Wu Xinheng, Lu Jie, Yan Zheng, Zhang Guangquan
IEEE Trans Neural Netw Learn Syst. 2024 Nov;35(11):15427-15441. doi: 10.1109/TNNLS.2023.3286890. Epub 2024 Oct 29.
Unsupervised video prediction aims to predict future outcomes based on the observed video frames, thus removing the need for supervisory annotations. This research task has been argued as a key component of intelligent decision-making systems, as it presents the potential capacities of modeling the underlying patterns of videos. Essentially, the challenge of video prediction is to effectively model the complex spatiotemporal and often uncertain dynamics of high-dimensional video data. In this context, an appealing way of modeling spatiotemporal dynamics is to explore prior physical knowledge, such as partial differential equations (PDEs). In this article, considering real-world video data as a partly observed stochastic environment, we introduce a new stochastic PDE predictor (SPDE-predictor), which models the spatiotemporal dynamics by approximating a generalized form of PDEs while dealing with the stochasticity. A second contribution is that we disentangle the high-dimensional video prediction into low-level dimensional factors of variations: time-varying stochastic PDE dynamics and time-invariant content factors. Extensive experiments on four various video datasets show that SPDE video prediction model (SPDE-VP) outperforms both deterministic and stochastic state-of-the-art methods. Ablation studies highlight our superiority driven by both PDE dynamics modeling and disentangled representation learning and their relevance in long-term video prediction.

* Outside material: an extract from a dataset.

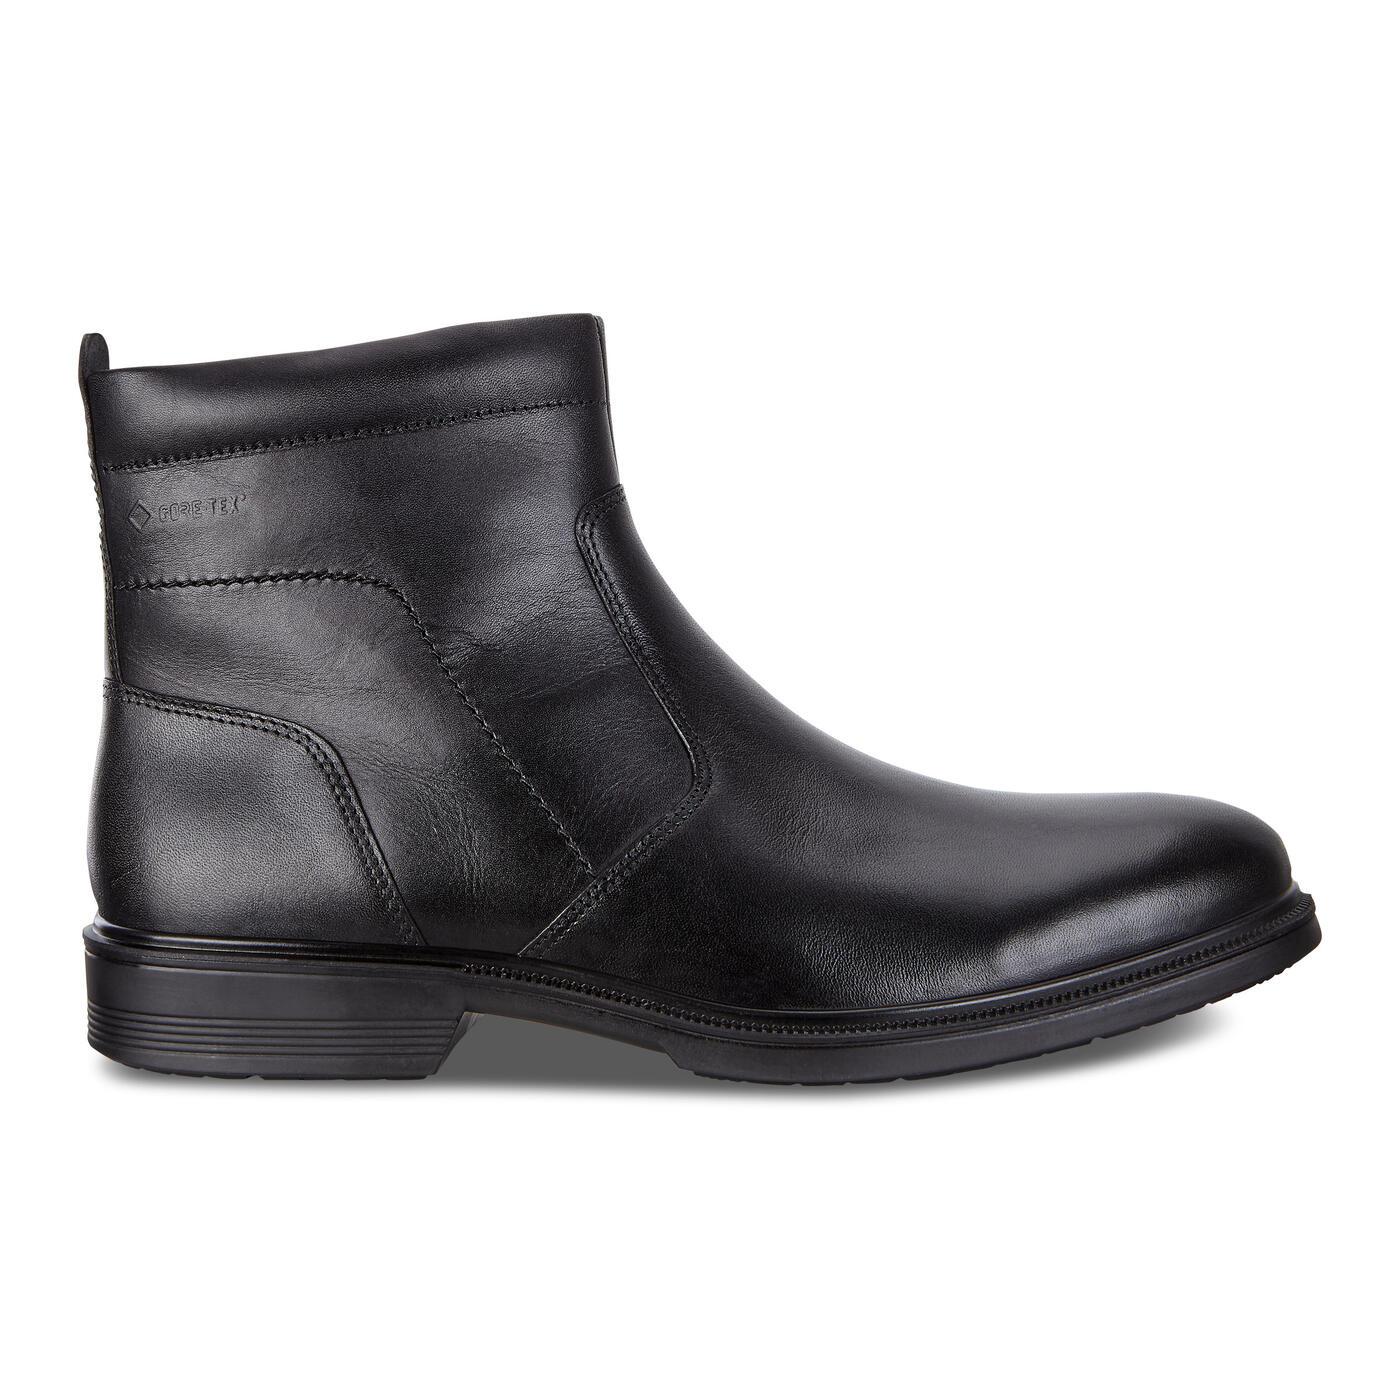 ECCO LISBON GTX Men's Ankle Boot

无监督视频预测旨在根据观察到的视频帧预测未来结果,从而无需监督标注。这项研究任务被认为是智能决策系统的关键组成部分,因为它展现了对视频潜在模式进行建模的能力。本质上,视频预测的挑战在于有效建模高维视频数据复杂的时空动态以及通常存在的不确定性。在这种背景下,一种对时空动态进行建模的有吸引力的方法是探索先验物理知识,例如偏微分方程(PDE)。在本文中,将现实世界的视频数据视为部分可观察的随机环境,我们引入了一种新的随机偏微分方程预测器(SPDE预测器),它在处理随机性的同时,通过近似广义形式的偏微分方程对时空动态进行建模。第二个贡献是,我们将高维视频预测分解为低维变化因素:时变随机偏微分方程动态和时不变内容因素。在四个不同视频数据集上进行的大量实验表明,SPDE视频预测模型(SPDE-VP)优于确定性和随机的现有先进方法。消融研究突出了我们在偏微分方程动态建模和解缠表示学习方面的优势,以及它们在长期视频预测中的相关性。